Biodel Inc. 2010 Stock Incentive Plan Incentive Stock Option Agreement
Exhibit 10.2
Biodel Inc. (the “Company”) has granted you an option (the “Option”) under its 2010 Stock
Incentive Plan (the “Plan”). The Option lets you purchase a specified number (the “Option Shares”)
of shares of the Company’s common stock, at a specified price per share (the “Exercise Price”).
Schedule I to this Agreement provides the details for your grant. It specifies the number of
Option Shares, the Exercise Price, the Date of Grant, the latest date the Option will expire (the
“Term Expiration Date”), and any special rules that already apply to your Option. The Company
intends the Option to be an incentive stock option (“ISO”) under Internal Revenue Code Section 422.

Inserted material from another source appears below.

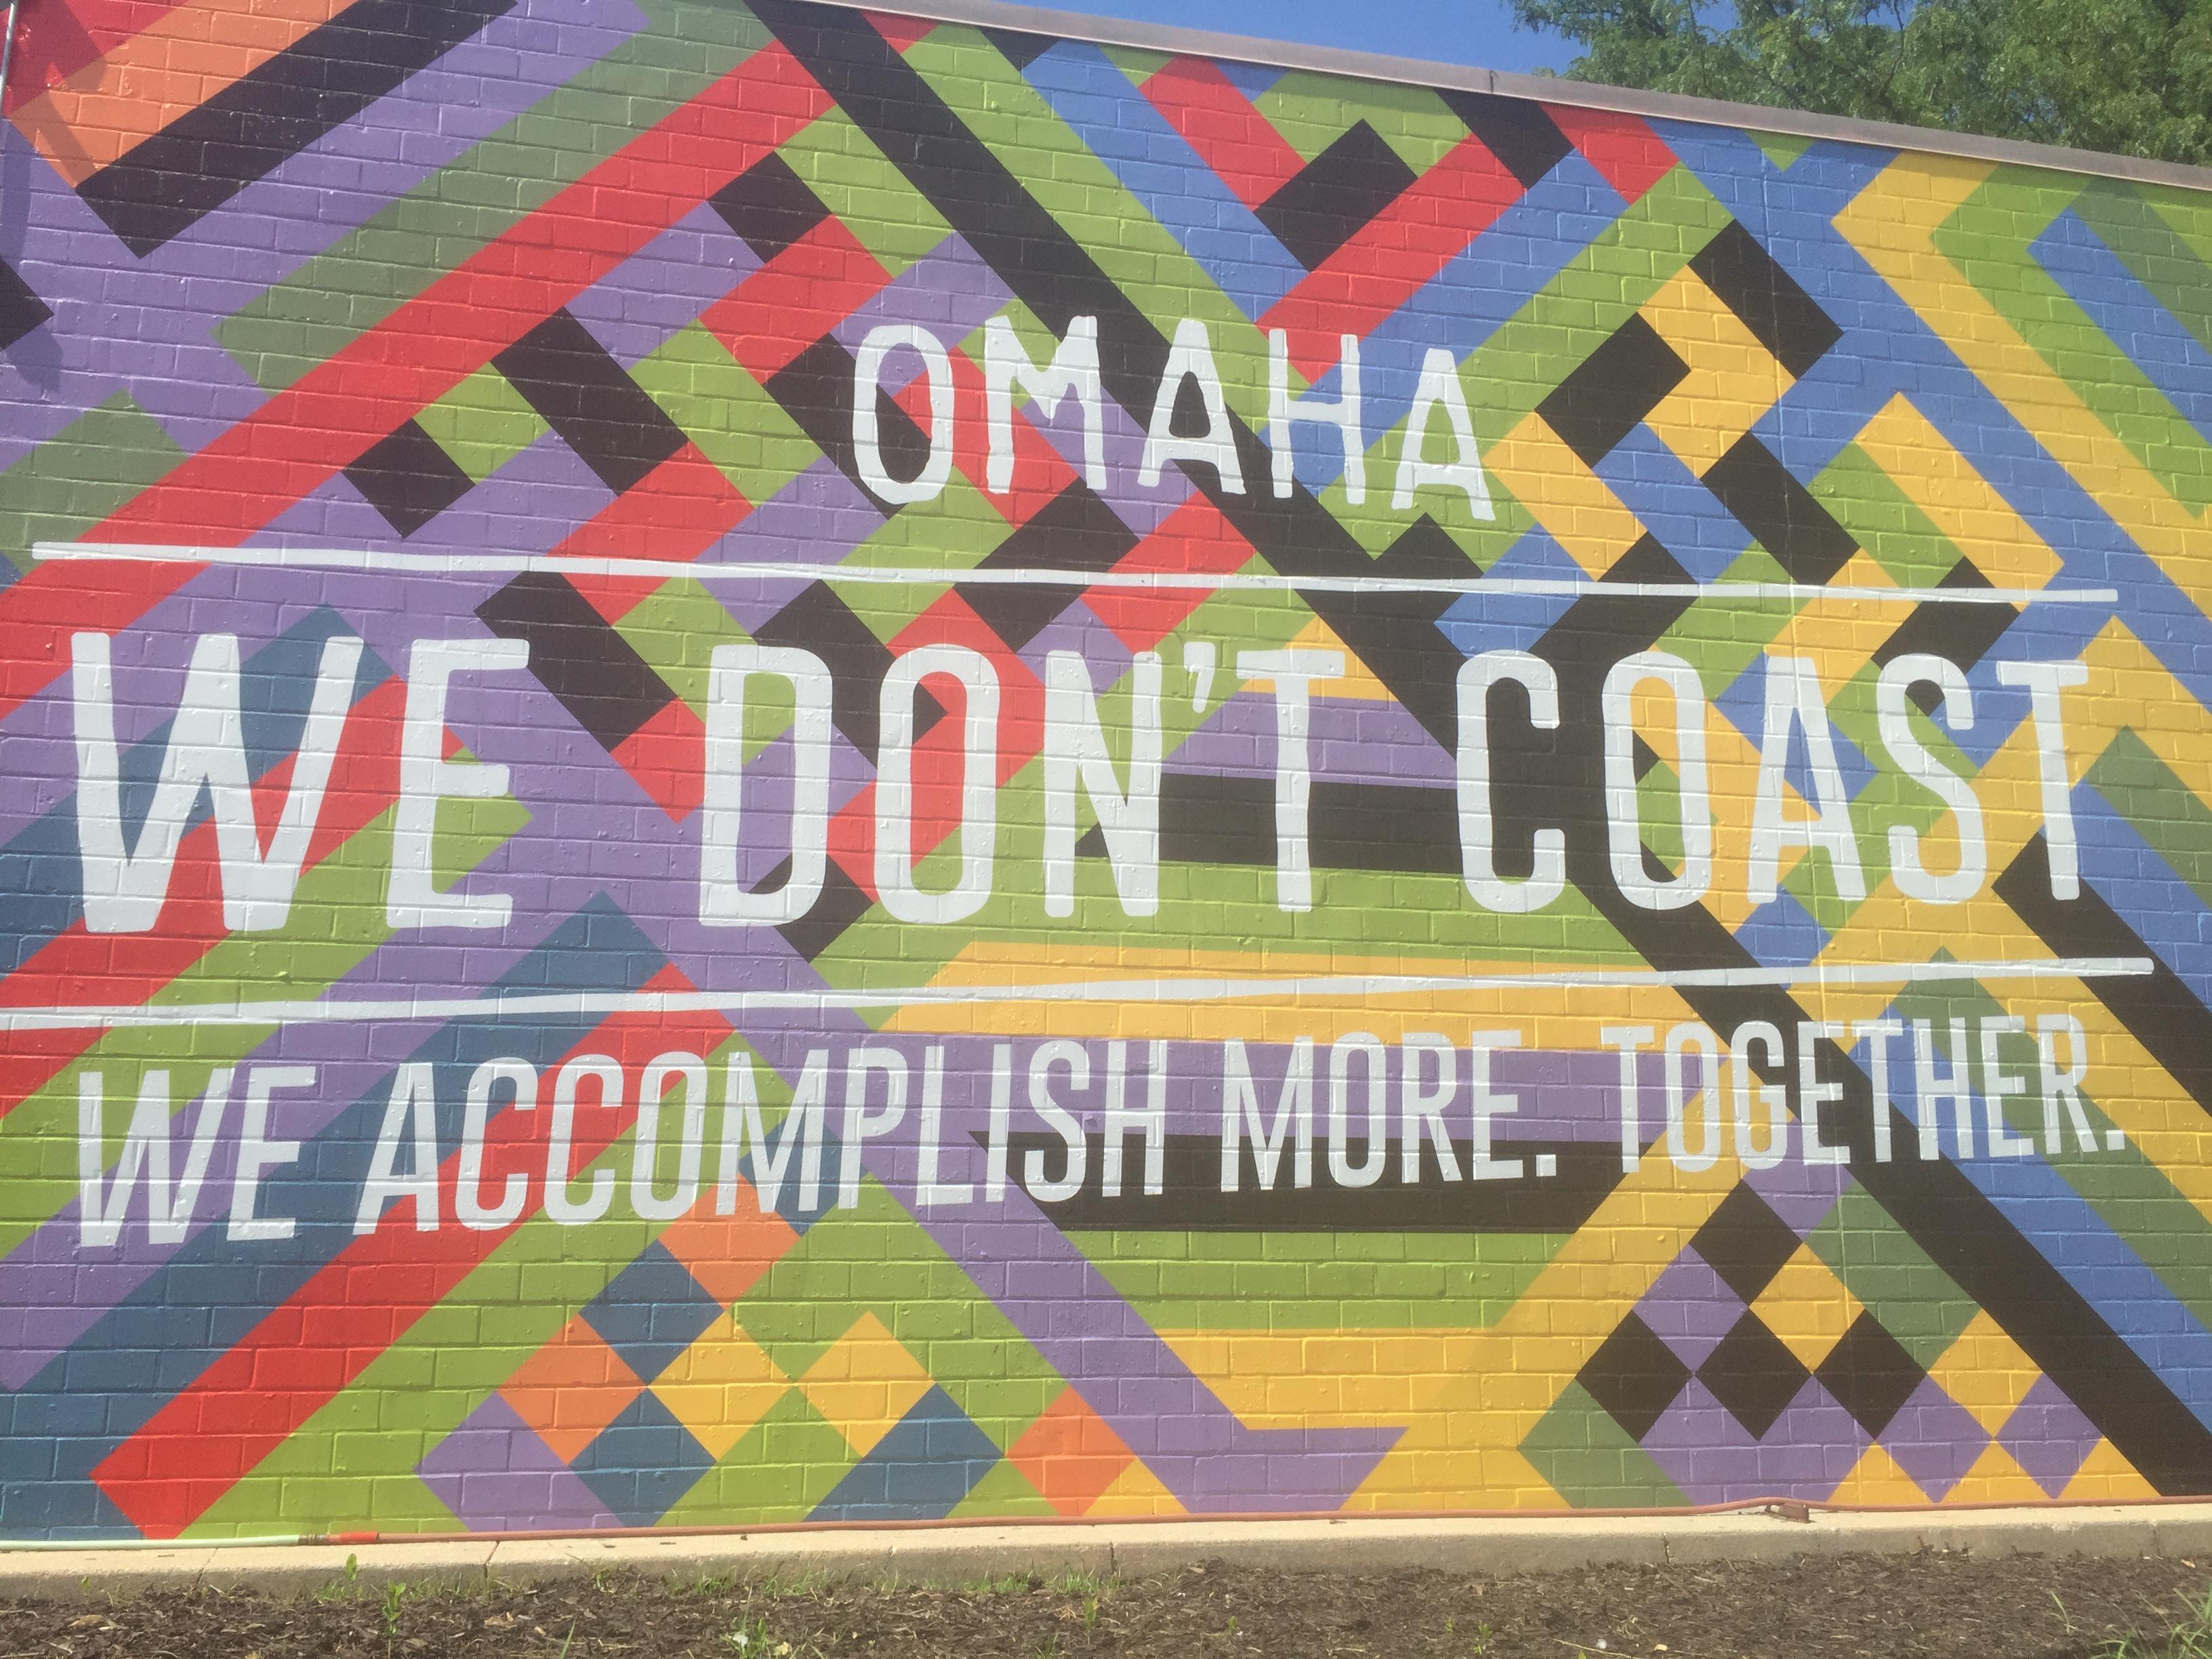 City of Omaha - We Don't Coast

Biodel Inc. intends to treat Options designated as ISOs as ISOs to the limits the Code allows and
as nonqualified stock options for any additional Option Shares.
The Option is subject in all respects to the applicable provisions of the Plan. This
Agreement does not cover all of the rules that apply to the Option under the Plan, and the Plan
defines any capitalized terms in this Agreement and Schedule I that the Agreement does not define.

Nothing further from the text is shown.